Authorities Charge Cryptocurrency Operators With Massive Fraud

   2019-03-08 21:03

U.S. prosecutors and law enforcement officers in New York on Friday announced that they had filed criminal charges against the leaders of a pyramid scheme that sold “fraudulent cryptocurrency” to unsuspecting investors.

Authorities from the Southern District of New York and the New York District Attorney, the investigative arm of the IRS and the FBI said that OneCoin founders Konstantin Ignatov and his older sister Ruja Ignatova stole billions of dollars from consumers through “a multi-level marketing network” they launched in 2014.



The 33-year-old Ignatov, who was arrested at Los Angeles International Airport on March 6, faces a wire fraud conspiracy charge. The 38-year-old Ignatova, who has been at large since disappearing from public view in October 2017, faces wire fraud, securities fraud and conspiracy to commit money laundering. Each charge carries a maximum 20-year sentence.

“As alleged, these defendants created a multibillion-dollar ‘cryptocurrency’ company based completely on lies and deceit,” Manhattan U.S. Attorney Geoffrey S. Berman said in a statement. “They promised big returns and minimal risk, but, as alleged, this business was a pyramid scheme based on smoke and mirrors more than zeroes and ones. Investors were victimized while the defendants got rich.”

Cryptocurrency has been slowing making its way into the mainstream, but has also been dogged by concerns about its misuse and vulnerability.
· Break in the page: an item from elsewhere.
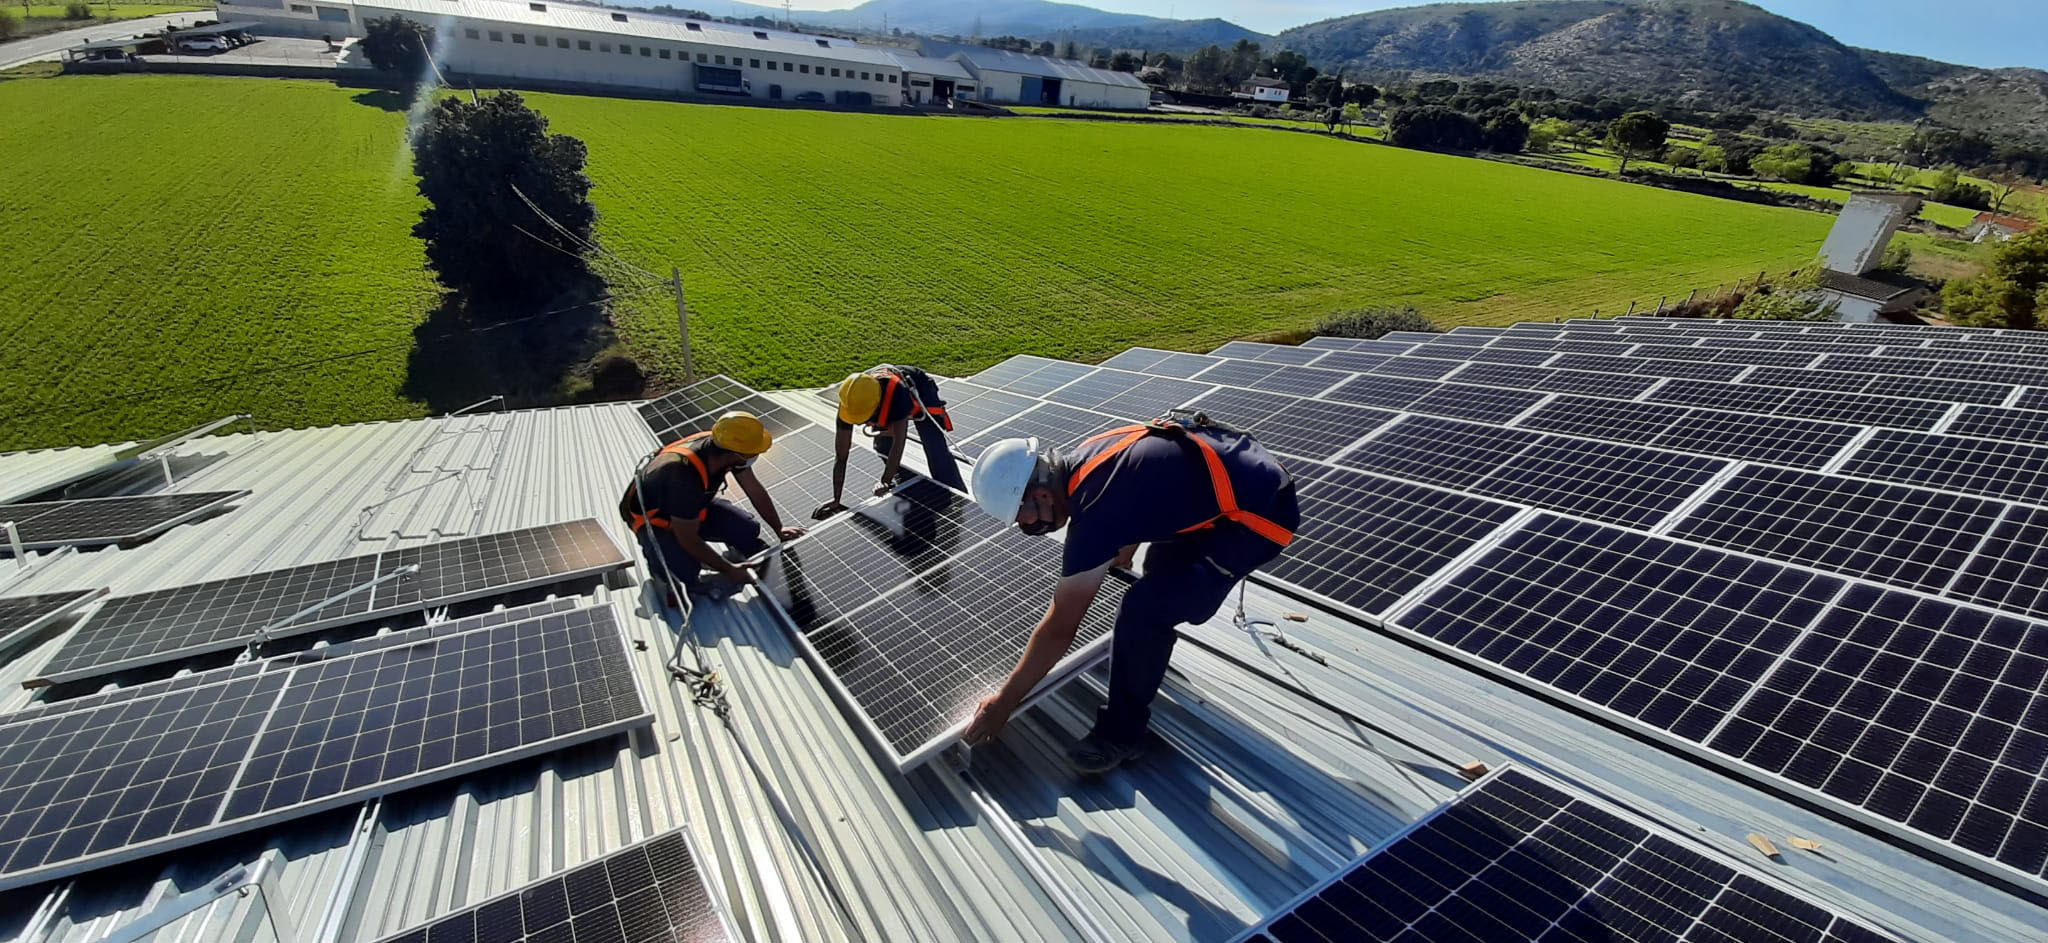 Baterías solares como complemento de instalaciones fotovoltaicas

Yet Rafael Yakobi, a partner at the Crypto Lawyers group, a San Diego-based law firm, said that while he was “impressed by the size of the conspiracy,” the indictment was an isolated event that wasn’t representative of legitimate coin offerings or the wider crypto industry.
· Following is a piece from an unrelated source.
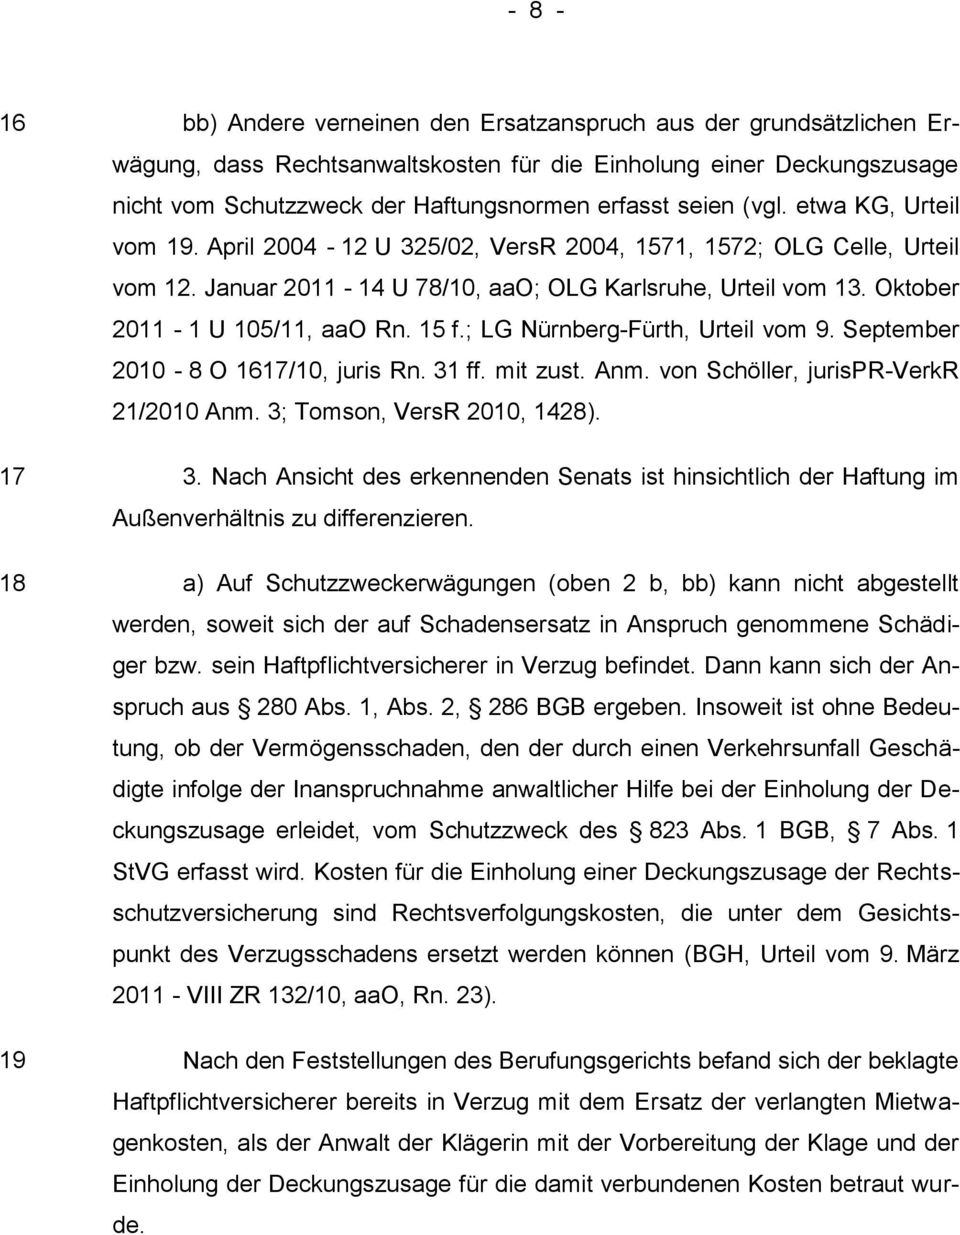 Oktober 2011-1 U 105/11, aao Rn. 15 f.; LG Nürnberg-Fürth, Urteil vom 9. September 2010-8 O 1617/10, juris Rn. 31 ff. mit zust. Anm. von Schöller, jurispr-verkr 21/2010 Anm.

“Legitimately decentralized cryptocurrencies are not susceptible to these types of schemes because if sufficiently decentralized, no individual can collect the money and run away with it,” Yakobi said.

He added that investors should treat cryptocurrency with the same care as other investments. “Investors have to be responsible for their decisions,” Yakobi said.

According to the indictment, OneCoin members recruited others to purchase cryptocurrency packages. The structure enabled OneCoin to develop a huge network that may have totaled more than three million members.

Bulgaria-based OneCoin claimed that it mined cryptocurrency using servers that the company operated and that the value of OneCoin was based on market supply and demand. OneCoin was worth less than a dollar, but as of January 2019, OneCoin had a value of over $30. But investigators said that OneCoin itself determined the value of a token and that it did no cryptocurrency mining.

Cryptocurrency mining is a process by which individuals use special software to solve math problems and record cryptocurrency transactions on a virtual ledger. These so-called cryptocurrency miners earn tokens for their efforts.

Investigators say that Ignatova created OneCoin, which continues to operate, to defraud investors.

Investigators found that between the fourth quarter of 2014 and the third quarter of 2016 alone, OneCoin Ltd. generated approximately $4 billion in sales revenue and earned “profits” of over $2.5 billion.

“This is an old scam with a virtual twist,” IRS Special Agent in Charge John R. Tafur said in the press release. “As alleged in court documents, the cryptocurrency OneCoin was established for the sole purpose of defrauding investors. Ignatov and Ignatova allegedly convinced victims to invest in OneCoin based on complete lies about the virtual currency.”

A third defendant, Mark S. Scott, also faces a money laundering charge related to the scheme. Scott, who is a former partner in a U.S. law firm, is accused of laundering more than $400 million through purported investment funds that had bank accounts at financial services firms in several countries, including the Cayman Islands and the Republic of Ireland.